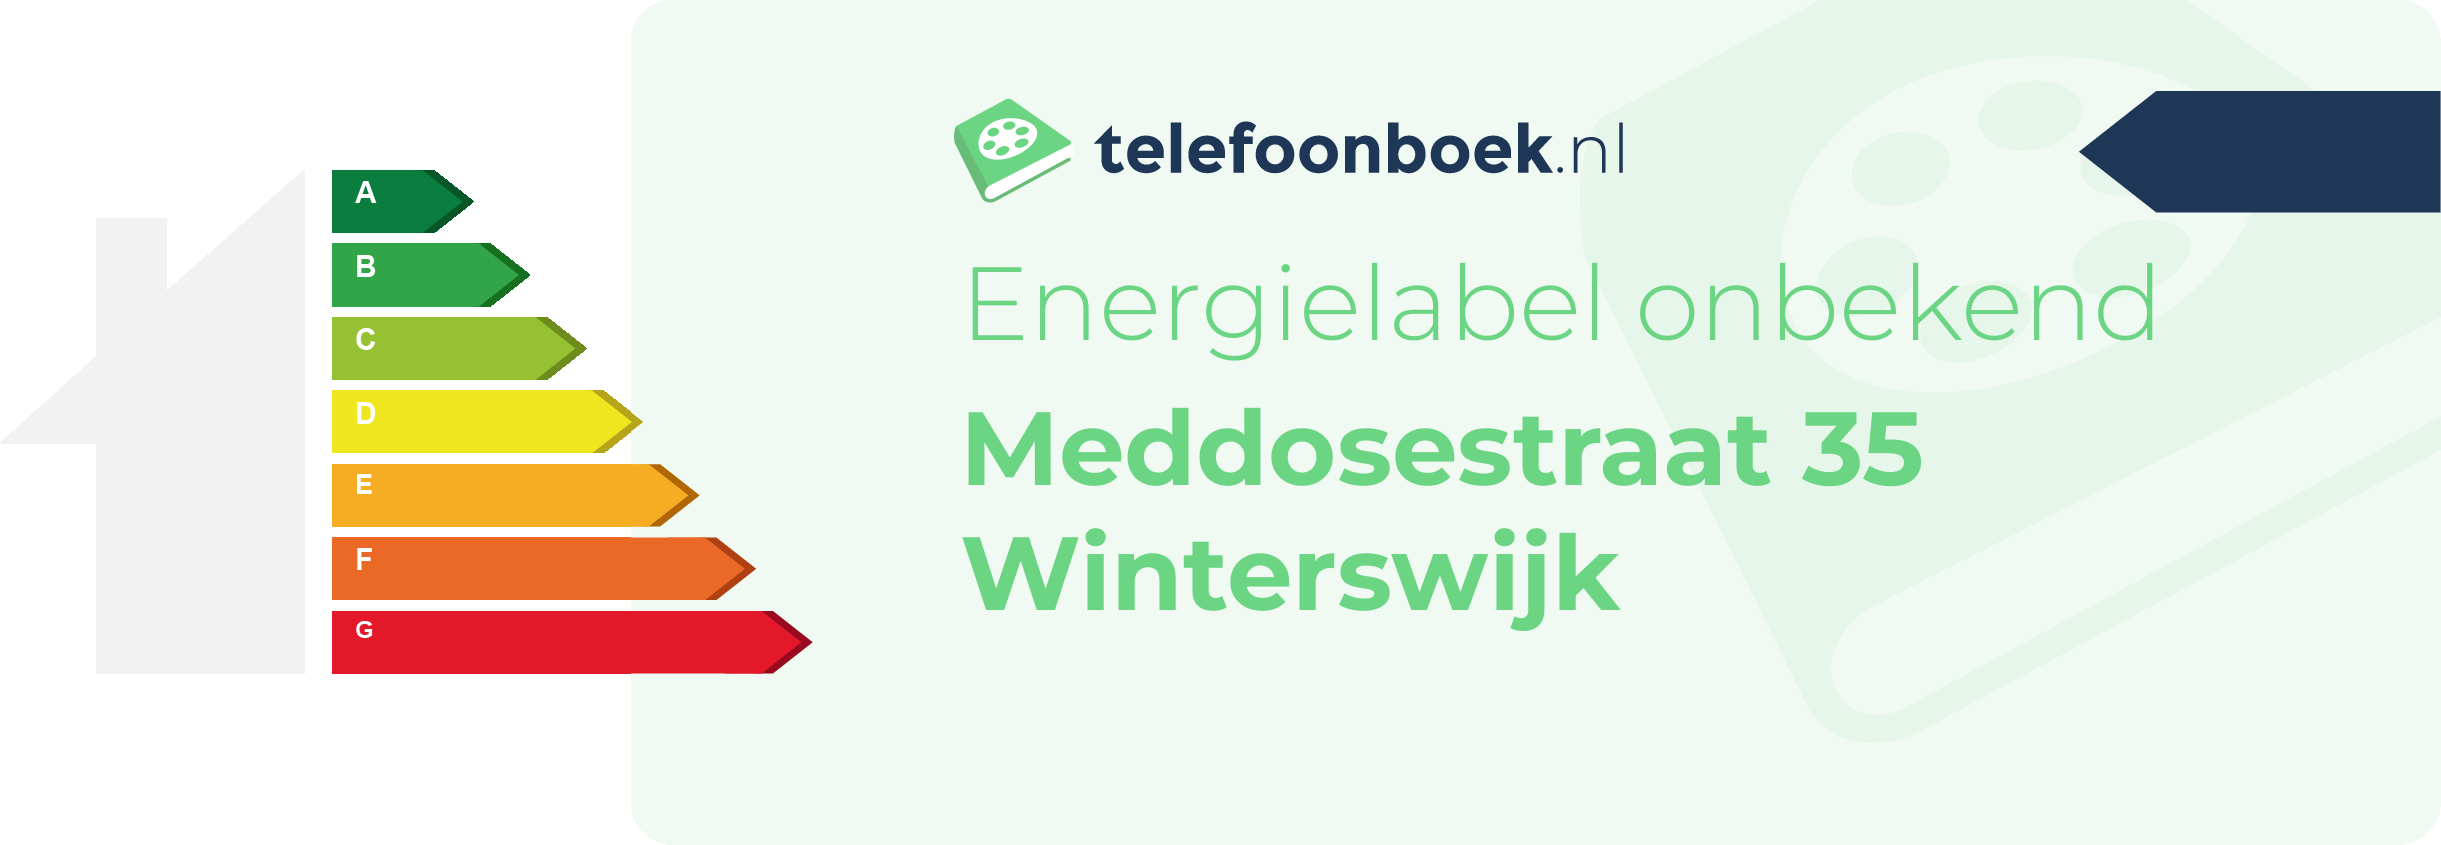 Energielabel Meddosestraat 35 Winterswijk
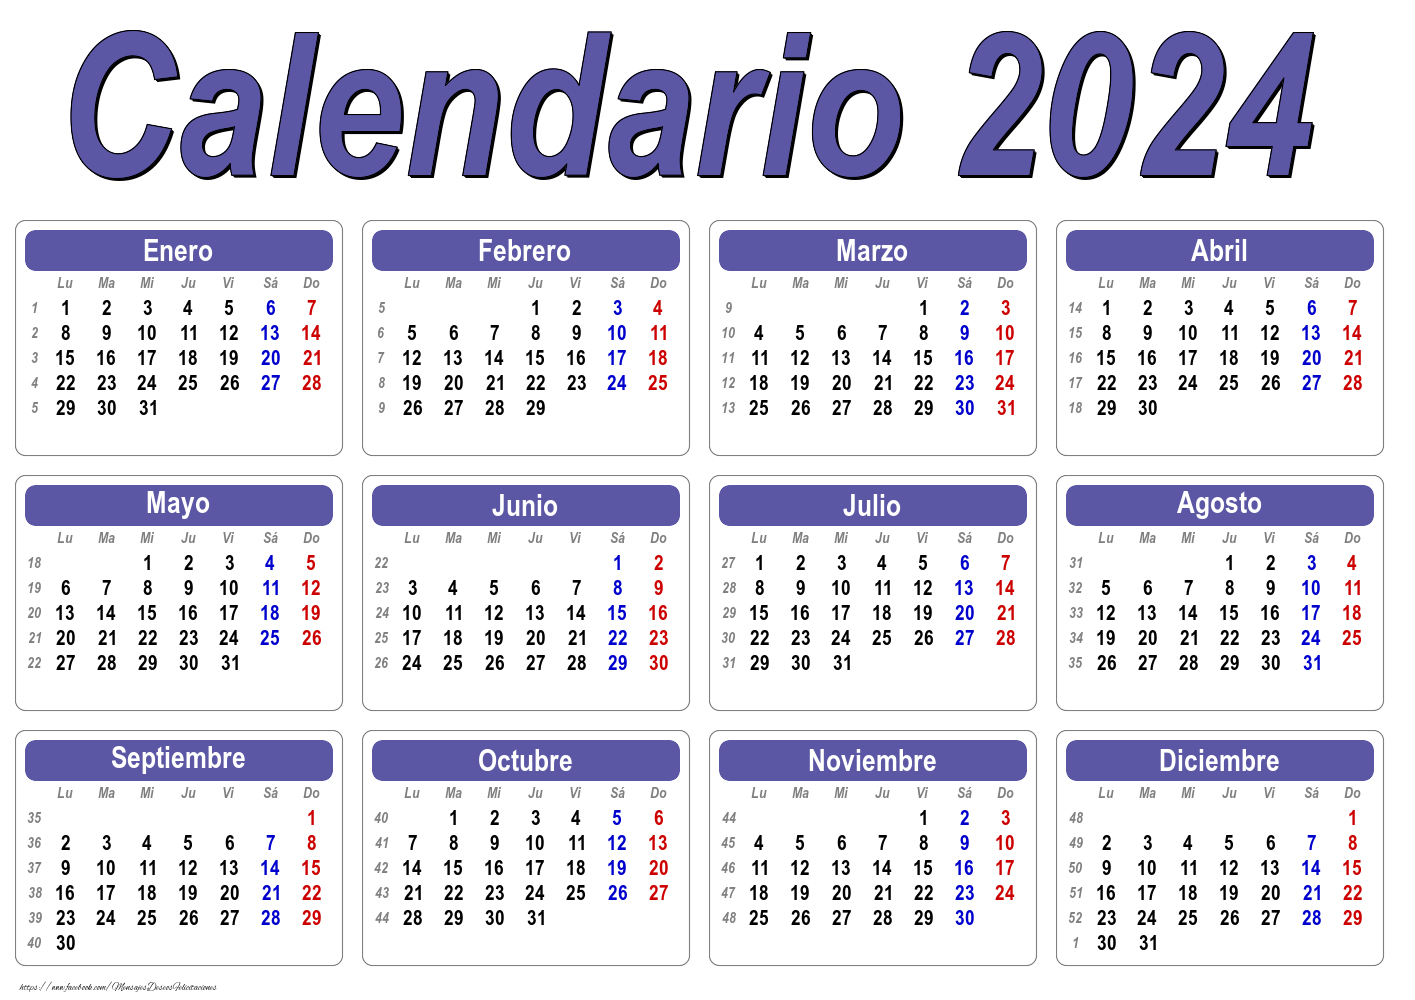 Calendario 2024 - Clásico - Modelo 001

§

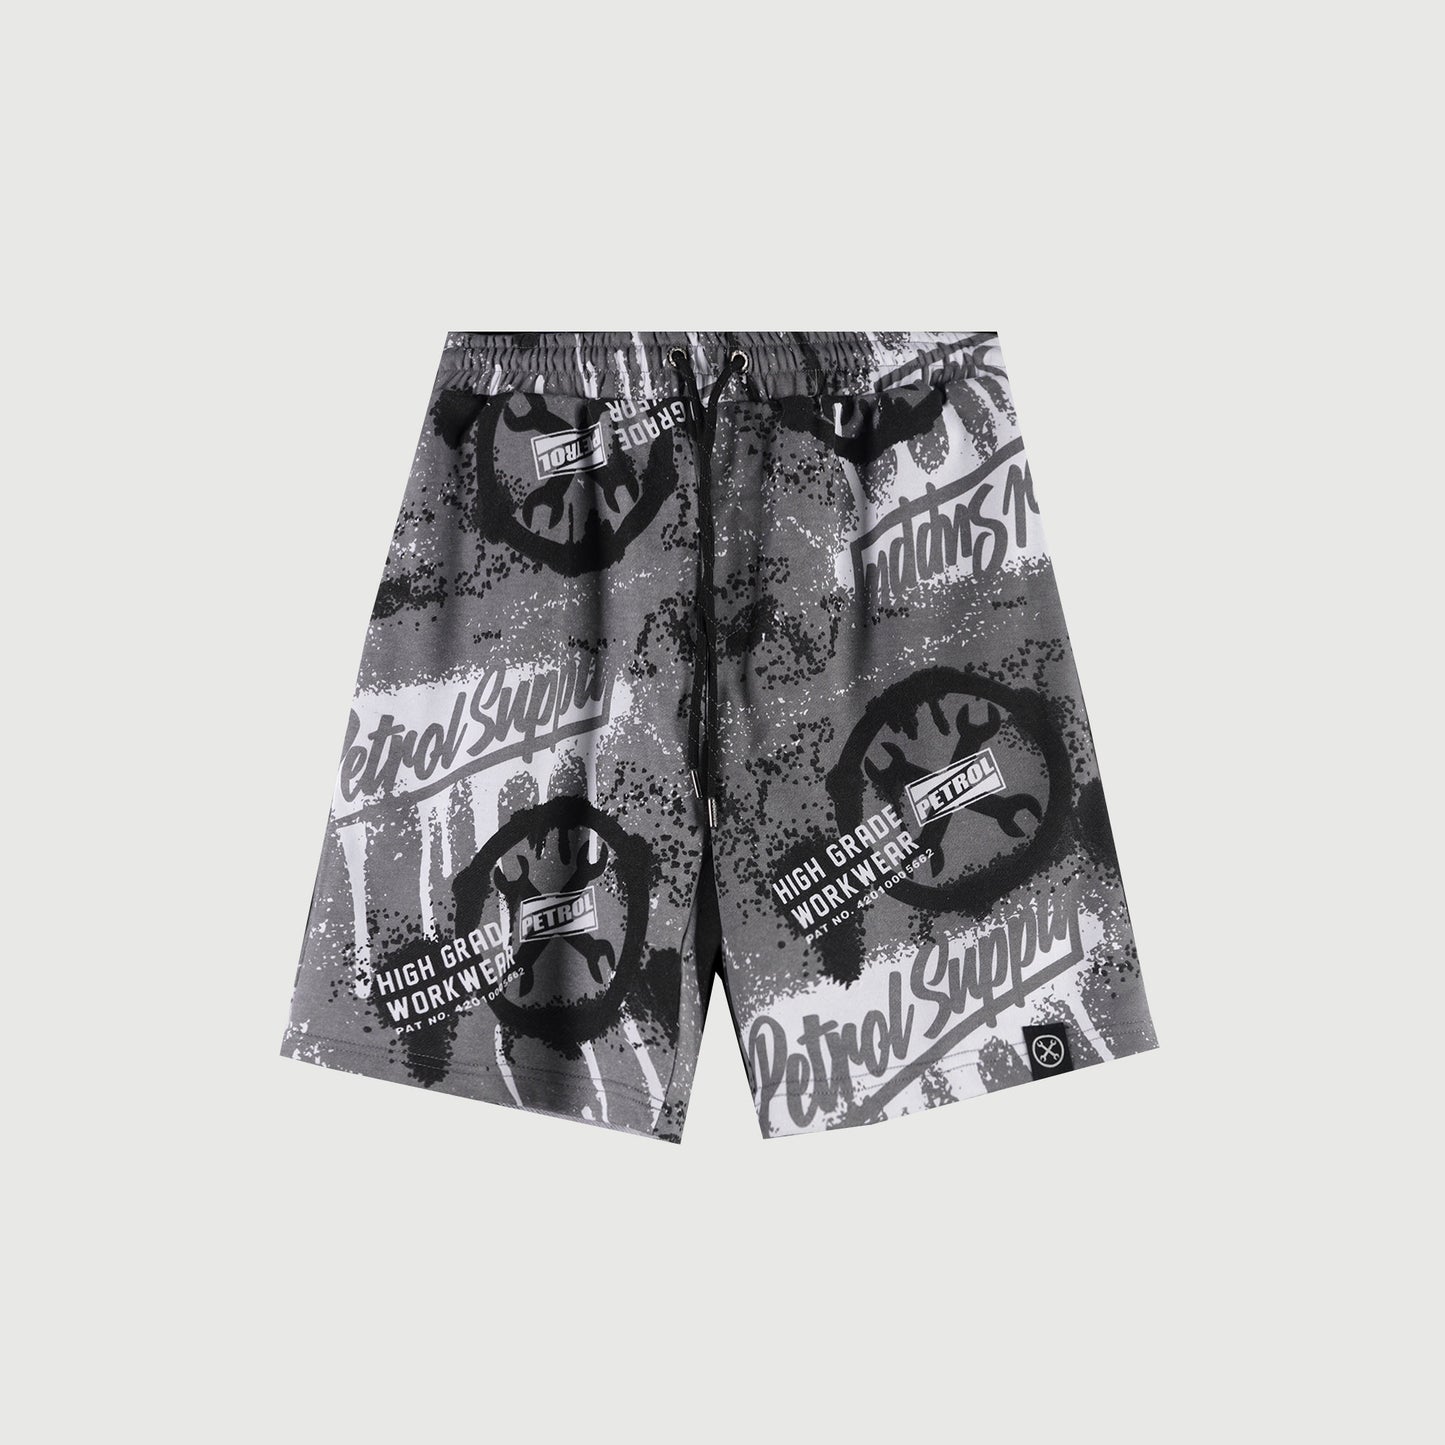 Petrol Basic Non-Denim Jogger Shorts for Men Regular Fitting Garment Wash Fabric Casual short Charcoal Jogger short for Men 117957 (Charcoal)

§

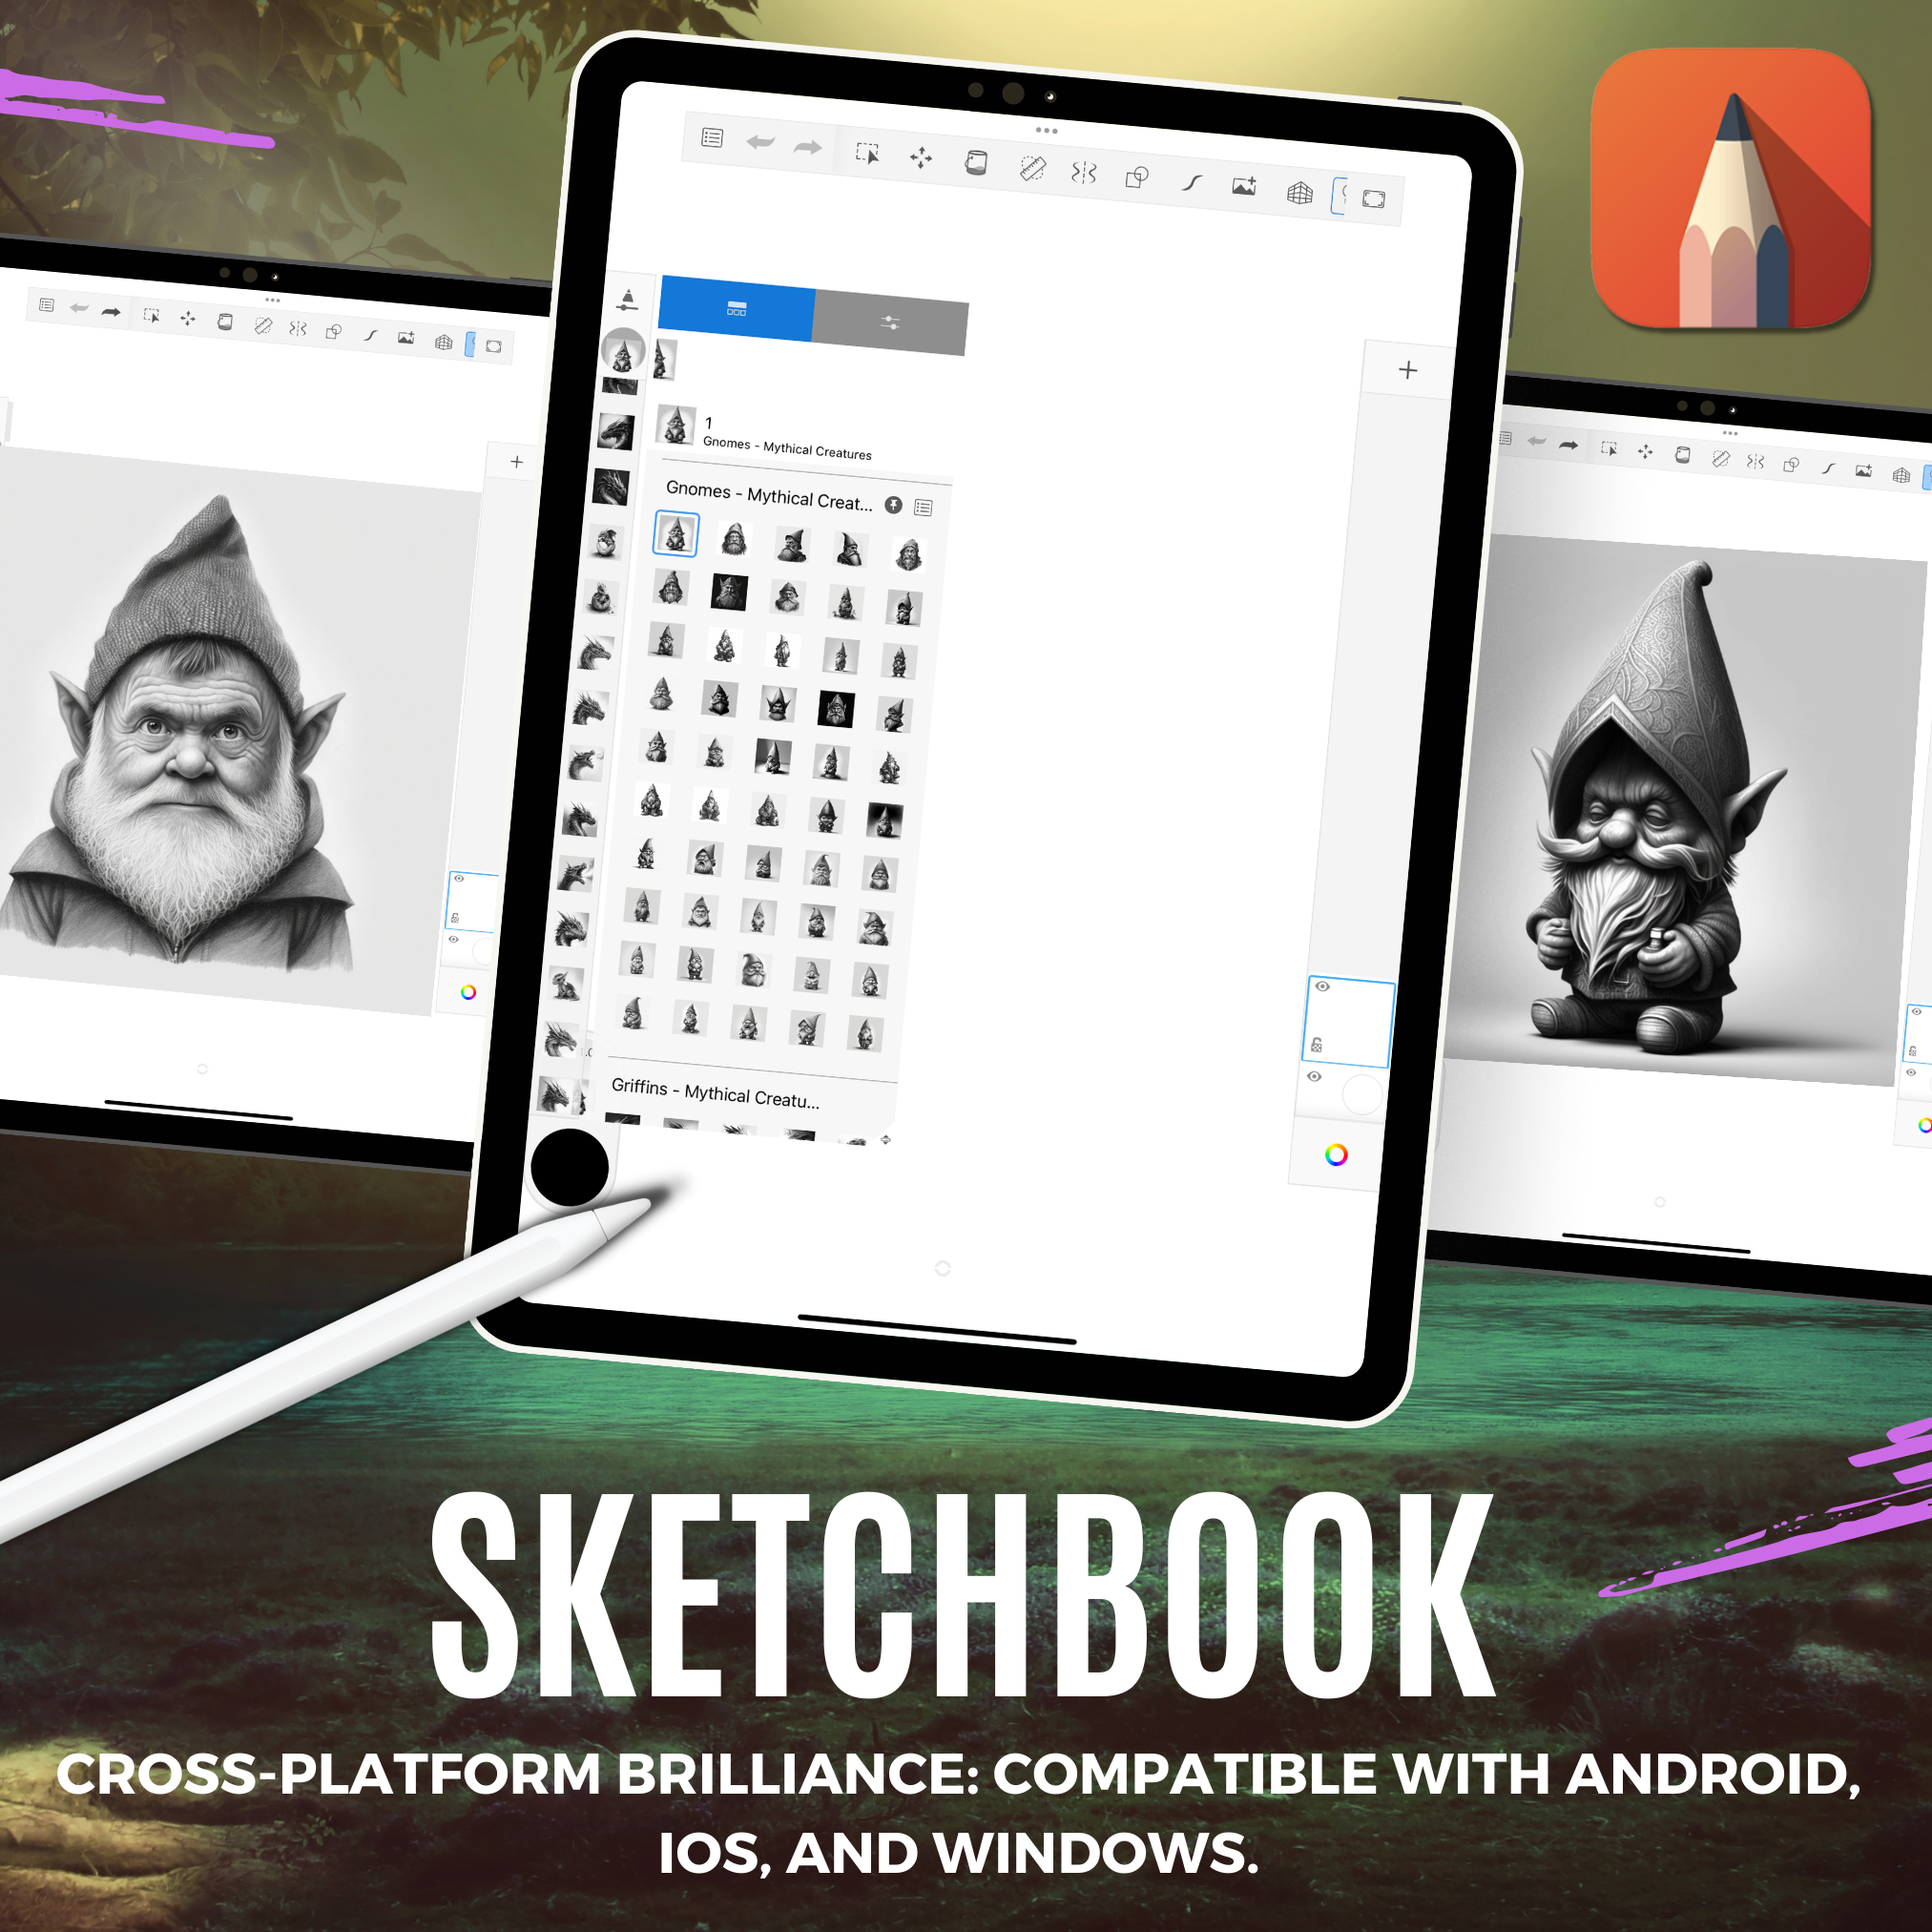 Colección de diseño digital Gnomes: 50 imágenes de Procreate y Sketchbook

§

■ **Problem description**
Above are the records; please give again, exactly and in full, only the lines that run from the line with "Energielabel Meddosestraat 35 Winterswijk" through the line with "Calendario 2024 - Clásico - Modelo 001", with no pictures.

■ **Result of this task**
 Energielabel Meddosestraat 35 Winterswijk
 Calendario 2024 - Clásico - Modelo 001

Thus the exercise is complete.